What is needed is a faithful transcription of all the data below, pictures excluded.

- Input data -
---*---

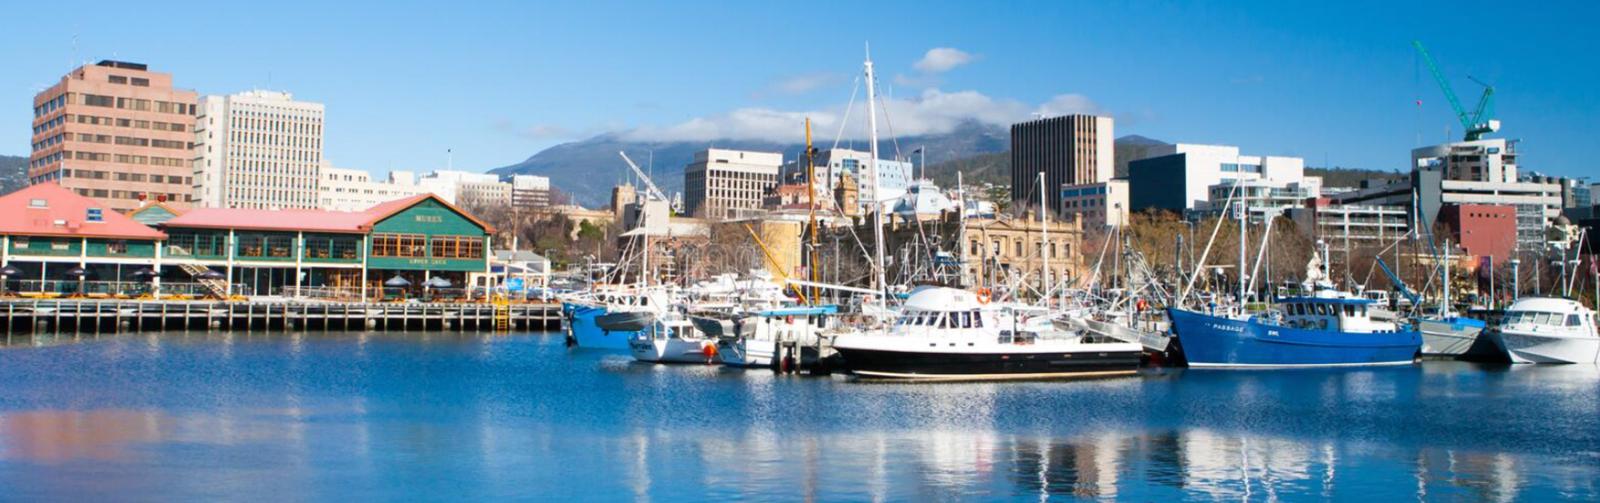 Hobart waterfront restaurants
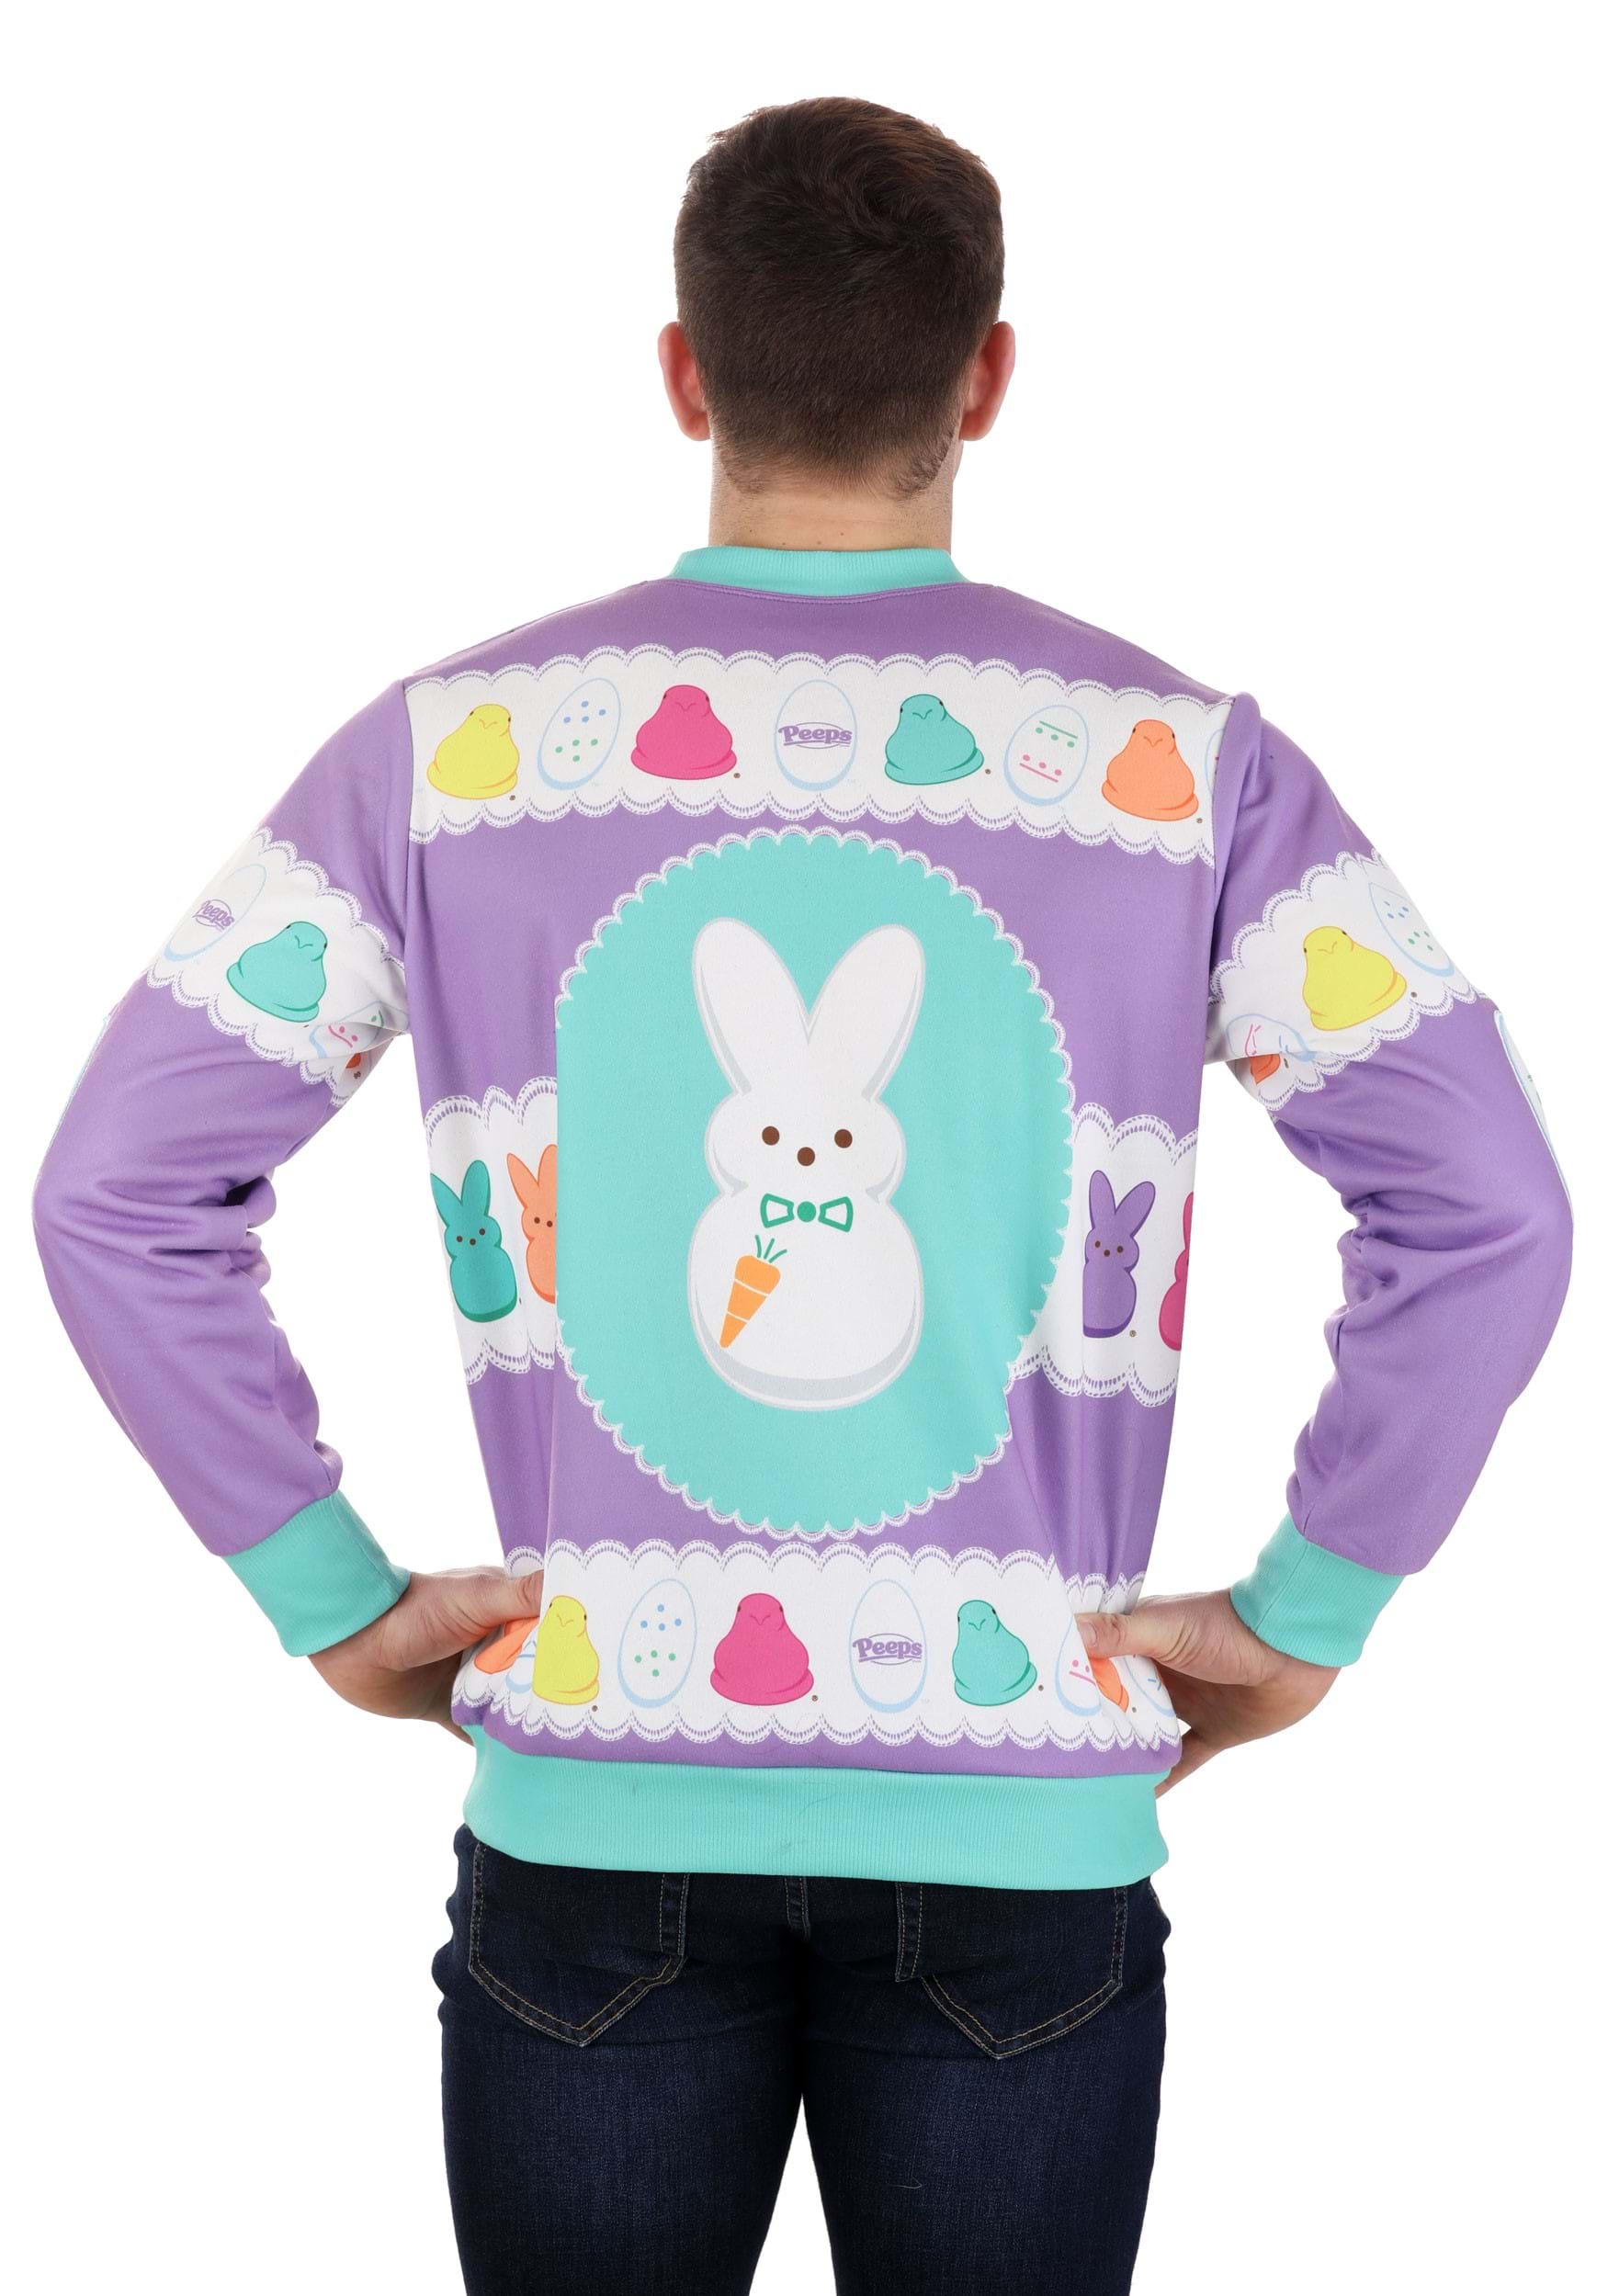 Peeps Ugly Easter Sweater
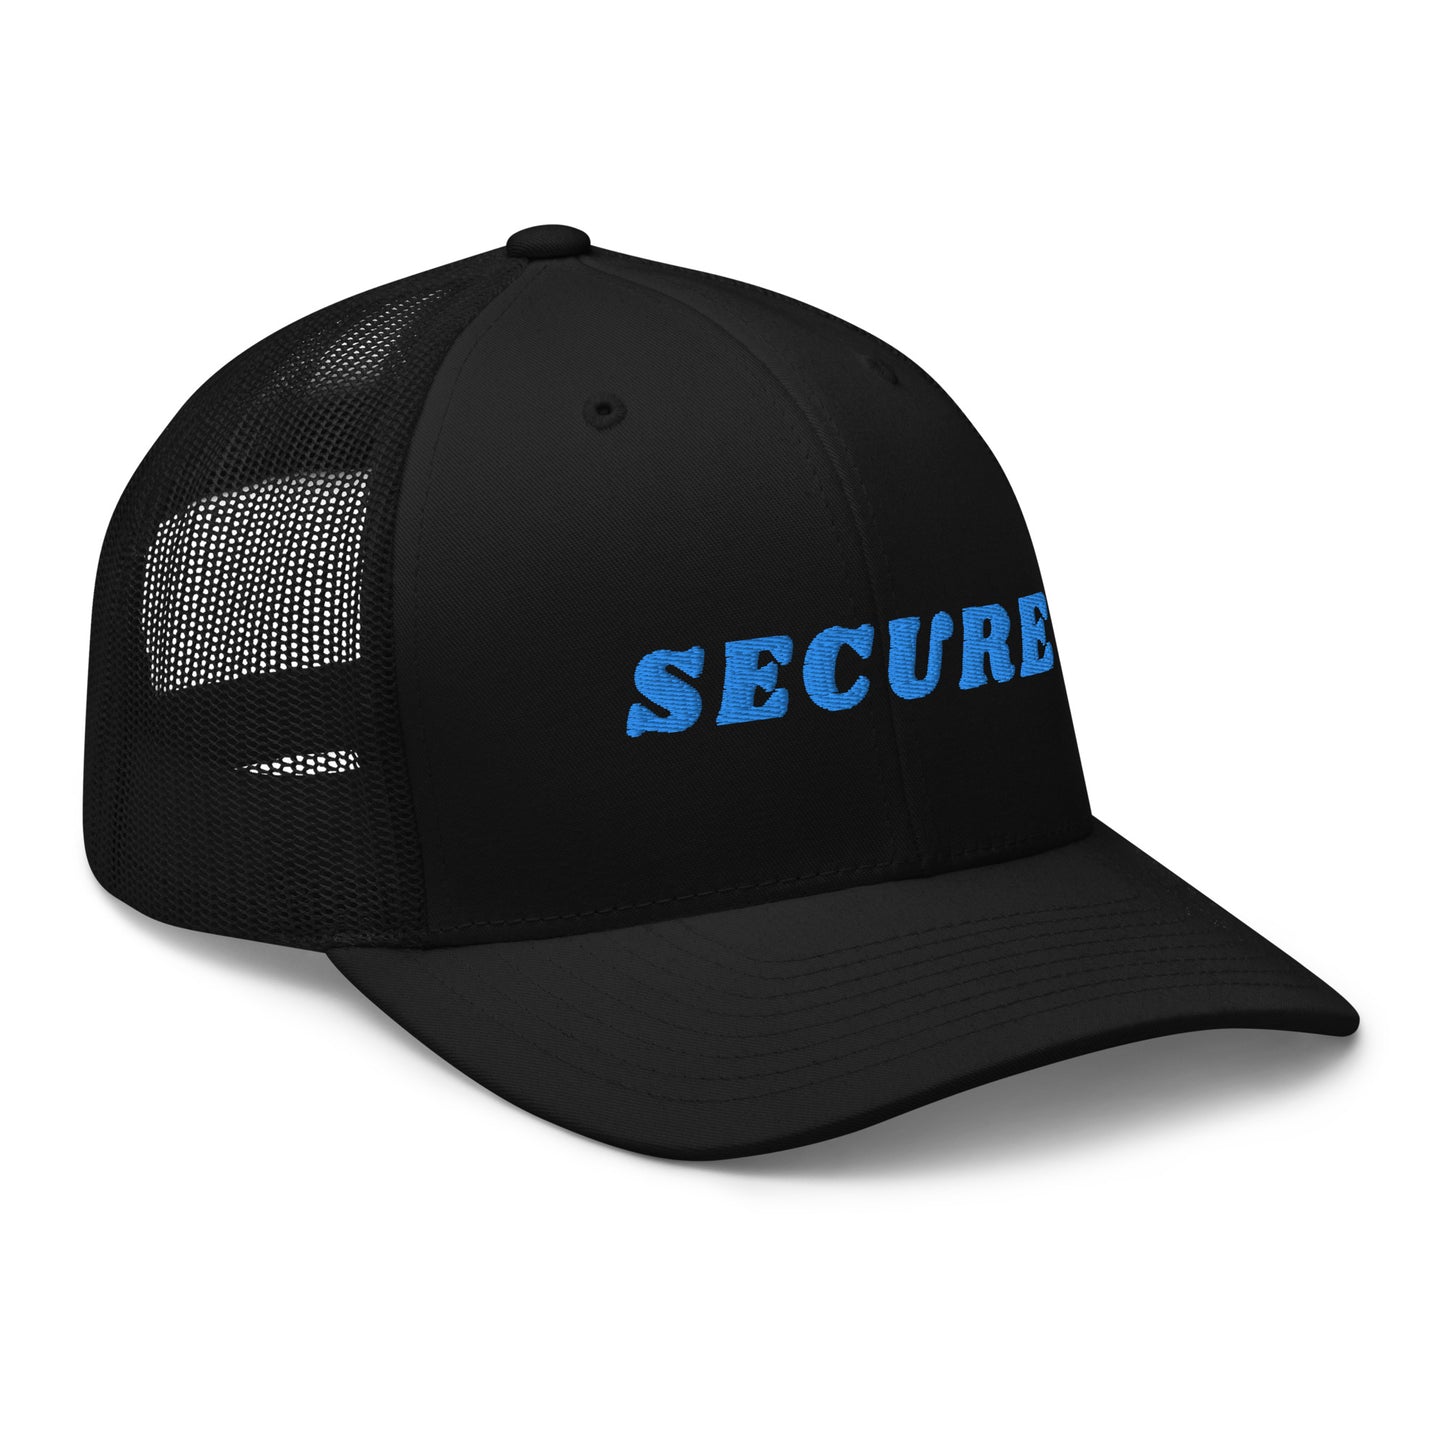 "Secure" Trucker Cap
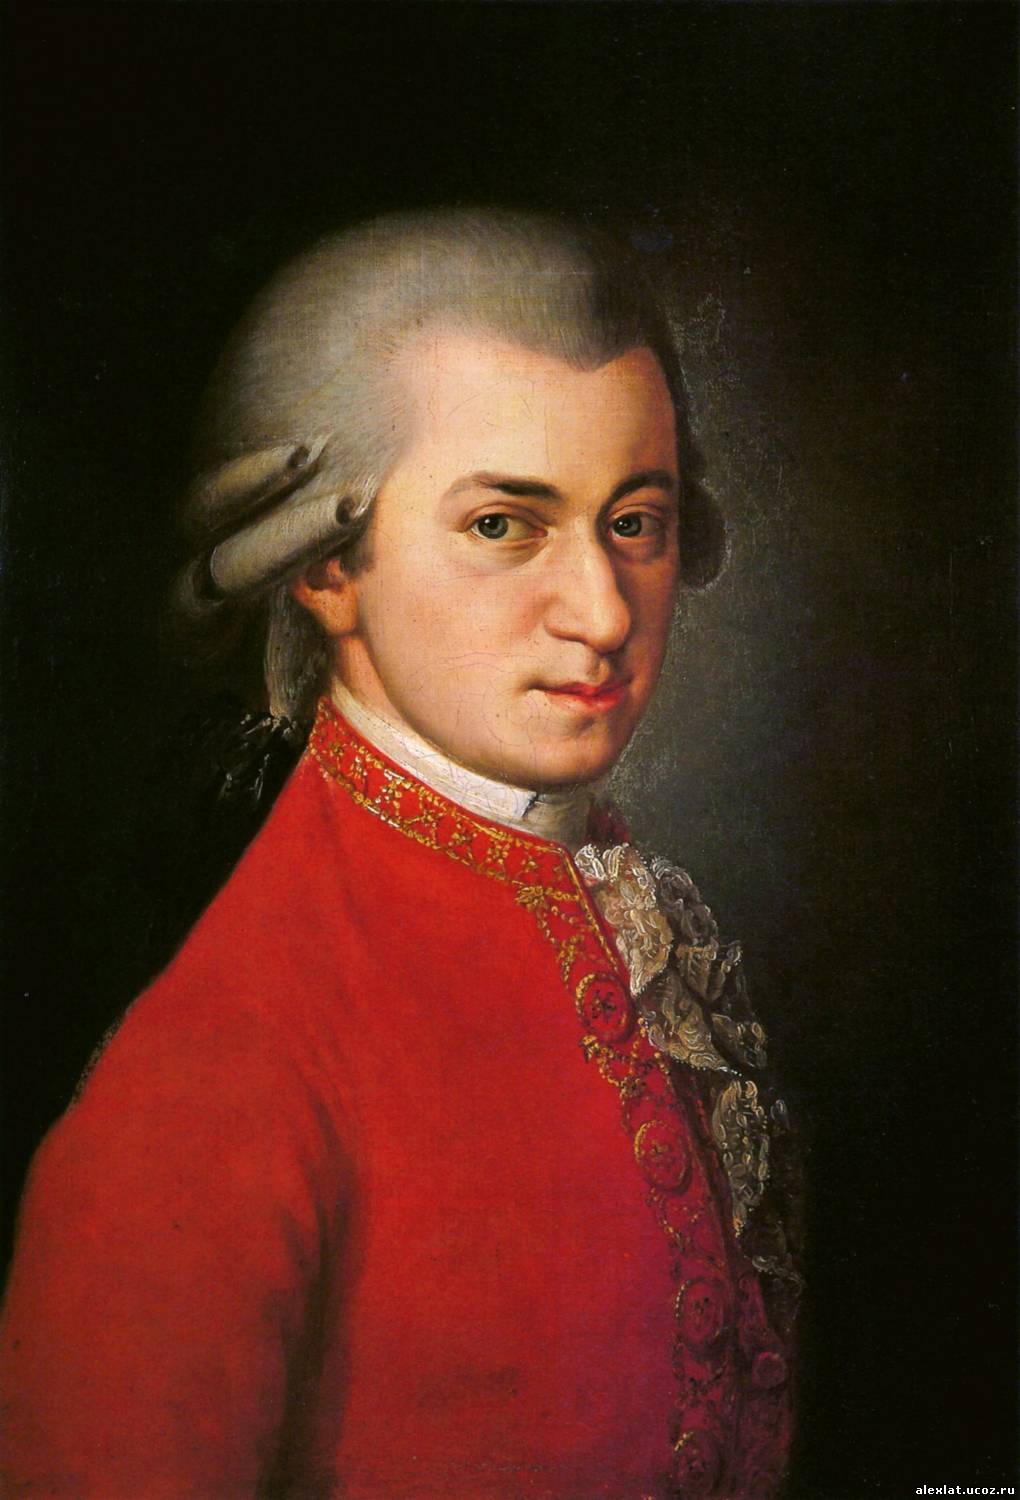 Mozart: Symphony #40 in G Minor, K.550

---*---

- Task answer -
 Hobart waterfront restaurants
 Peeps Ugly Easter Sweater
 "Secure" Trucker Cap
 Mozart: Symphony #40 in G Minor, K.550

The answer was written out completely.